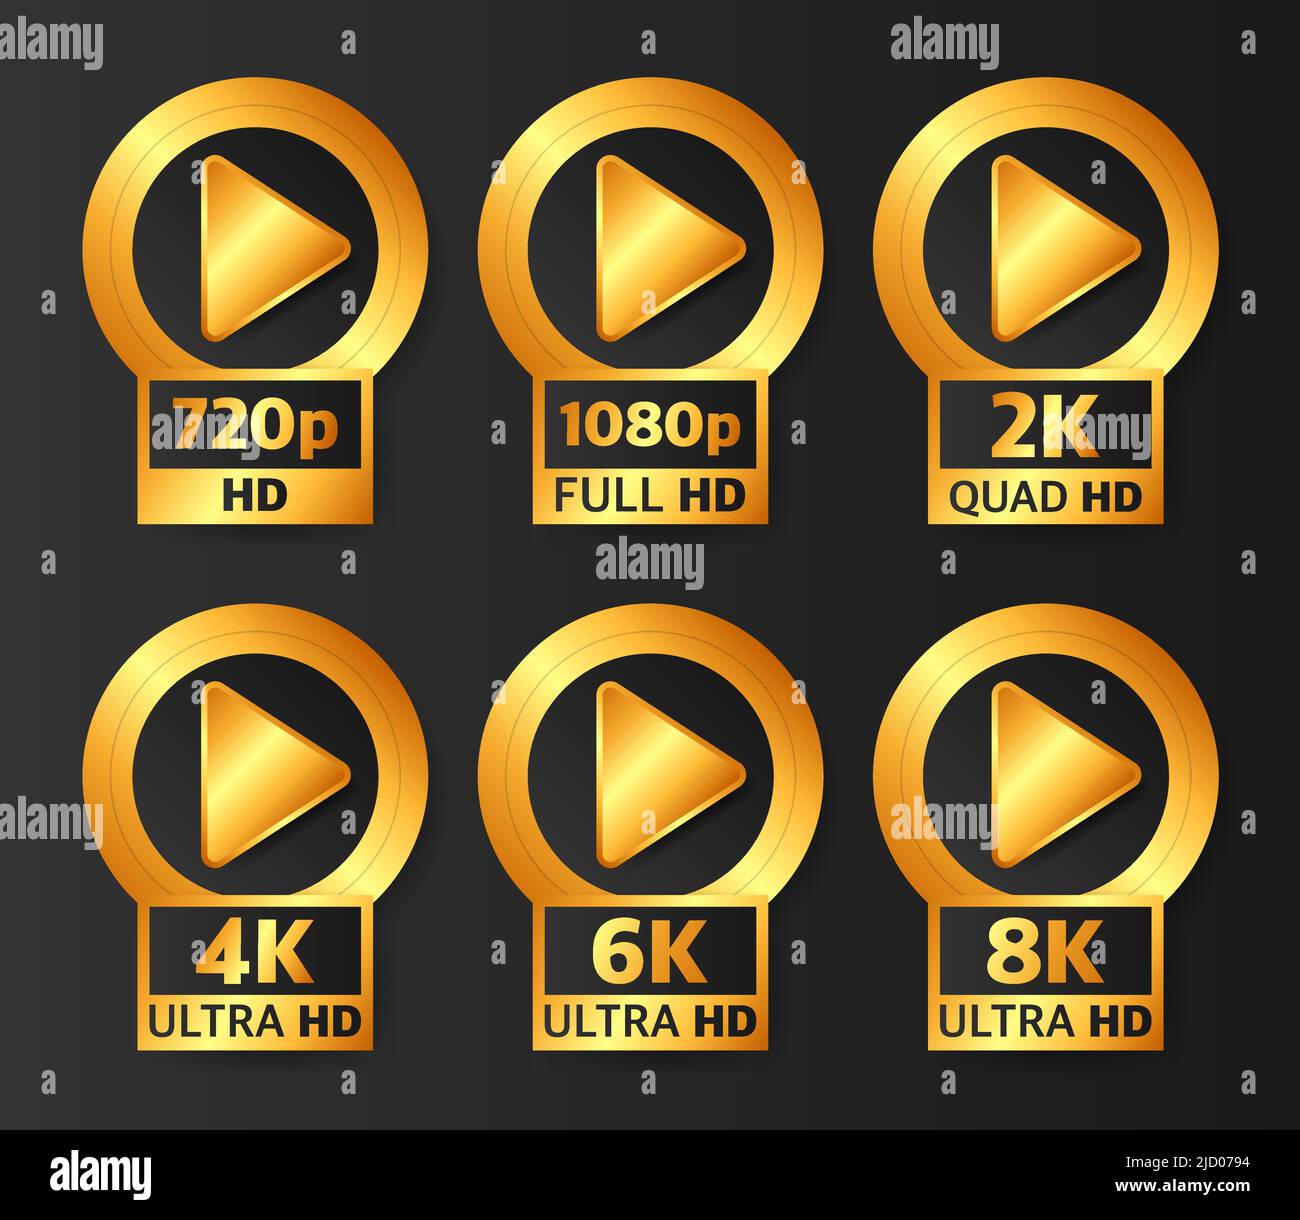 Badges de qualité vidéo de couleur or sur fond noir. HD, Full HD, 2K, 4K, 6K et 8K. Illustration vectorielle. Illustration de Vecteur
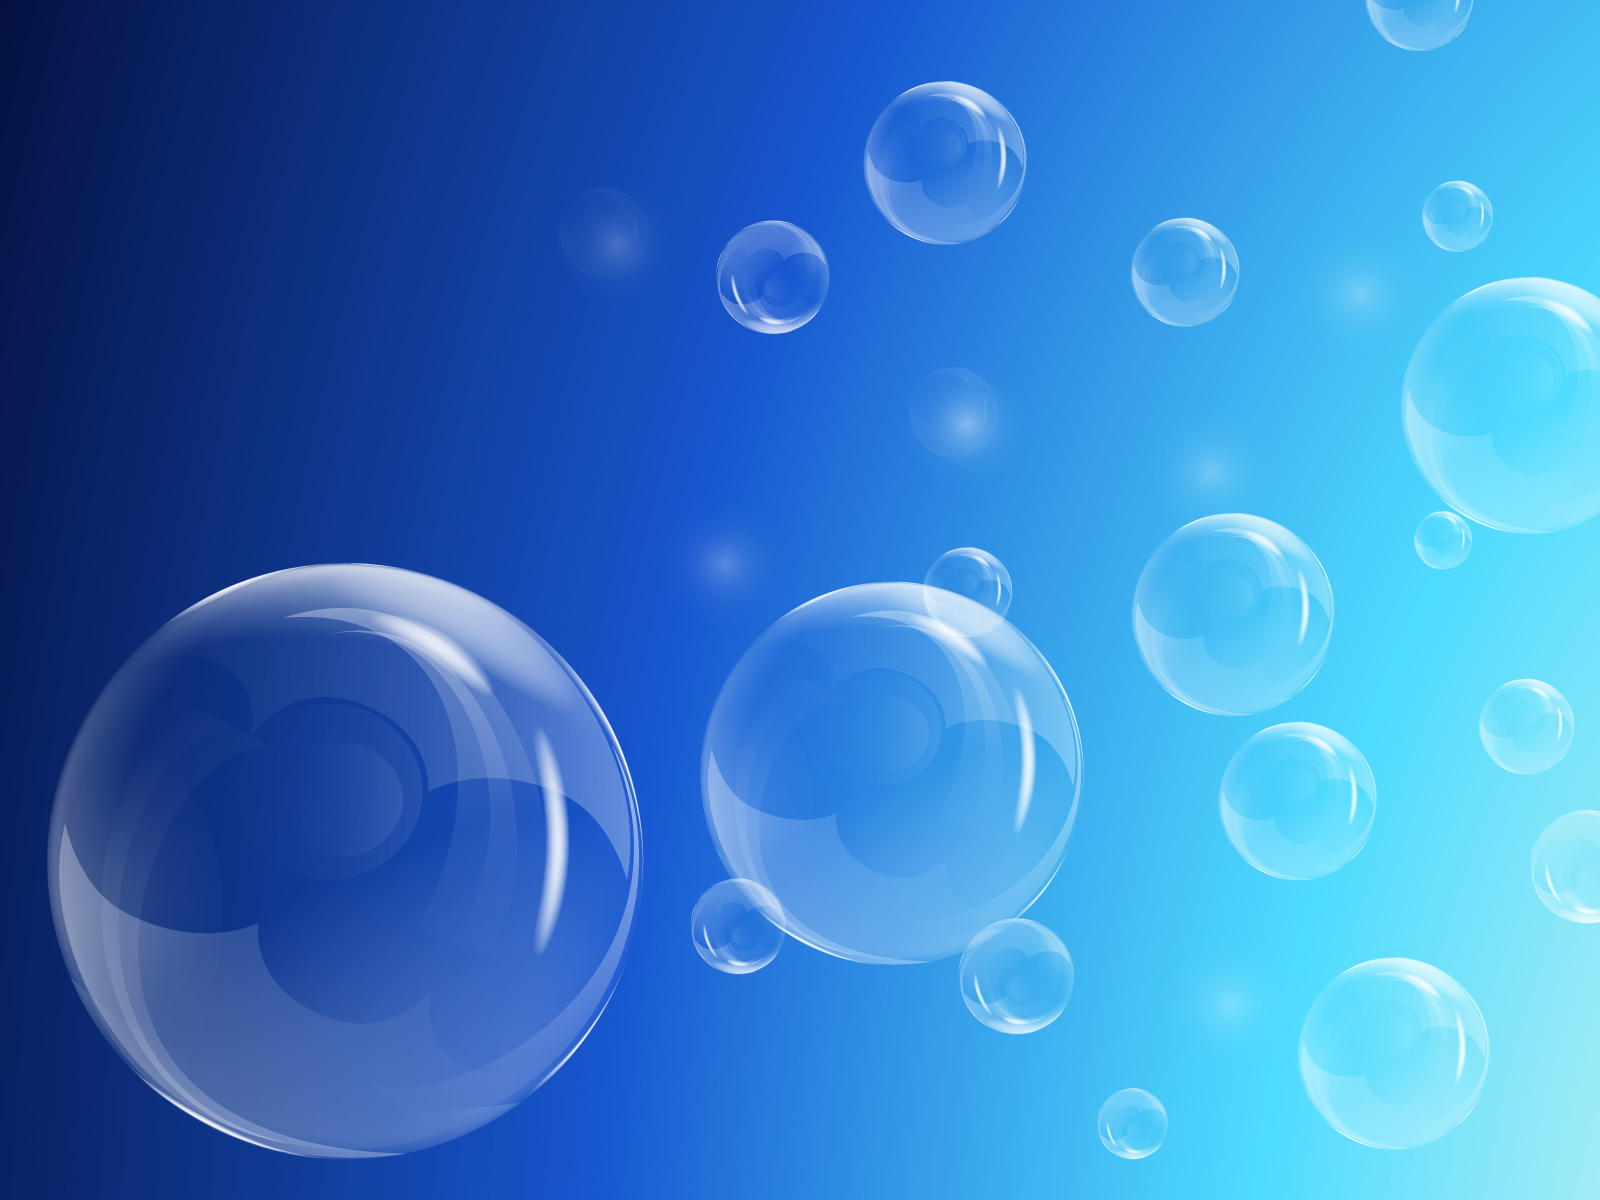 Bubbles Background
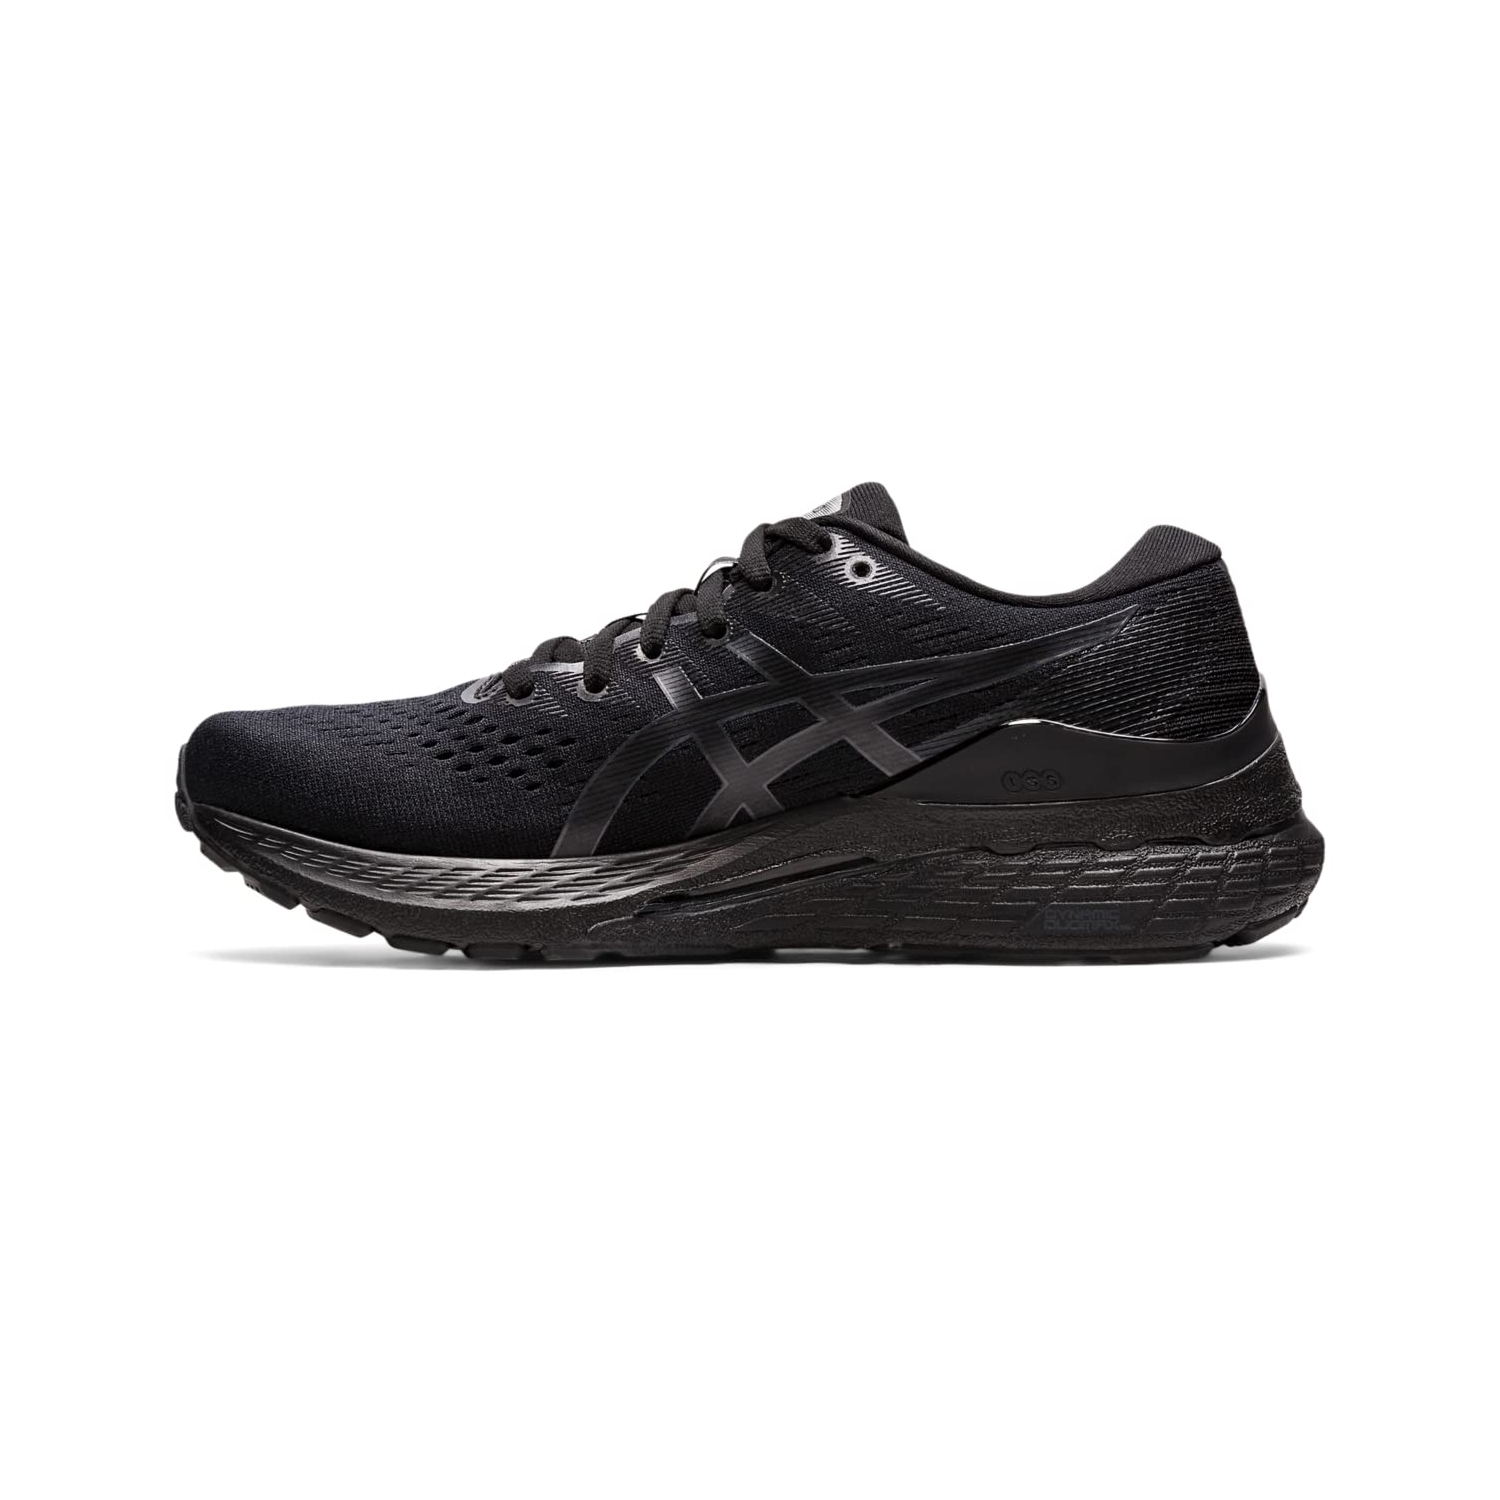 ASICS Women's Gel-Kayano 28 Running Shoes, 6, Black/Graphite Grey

## WHAT THE TASK ASKS
All the material above should be written out exactly, with images omitted.

## EXPECTED OUTPUT
 Badges de qualité vidéo de couleur or sur fond noir. HD, Full HD, 2K, 4K, 6K et 8K. Illustration vectorielle. Illustration de Vecteur
 Bubbles Background
 ASICS Women's Gel-Kayano 28 Running Shoes, 6, Black/Graphite Grey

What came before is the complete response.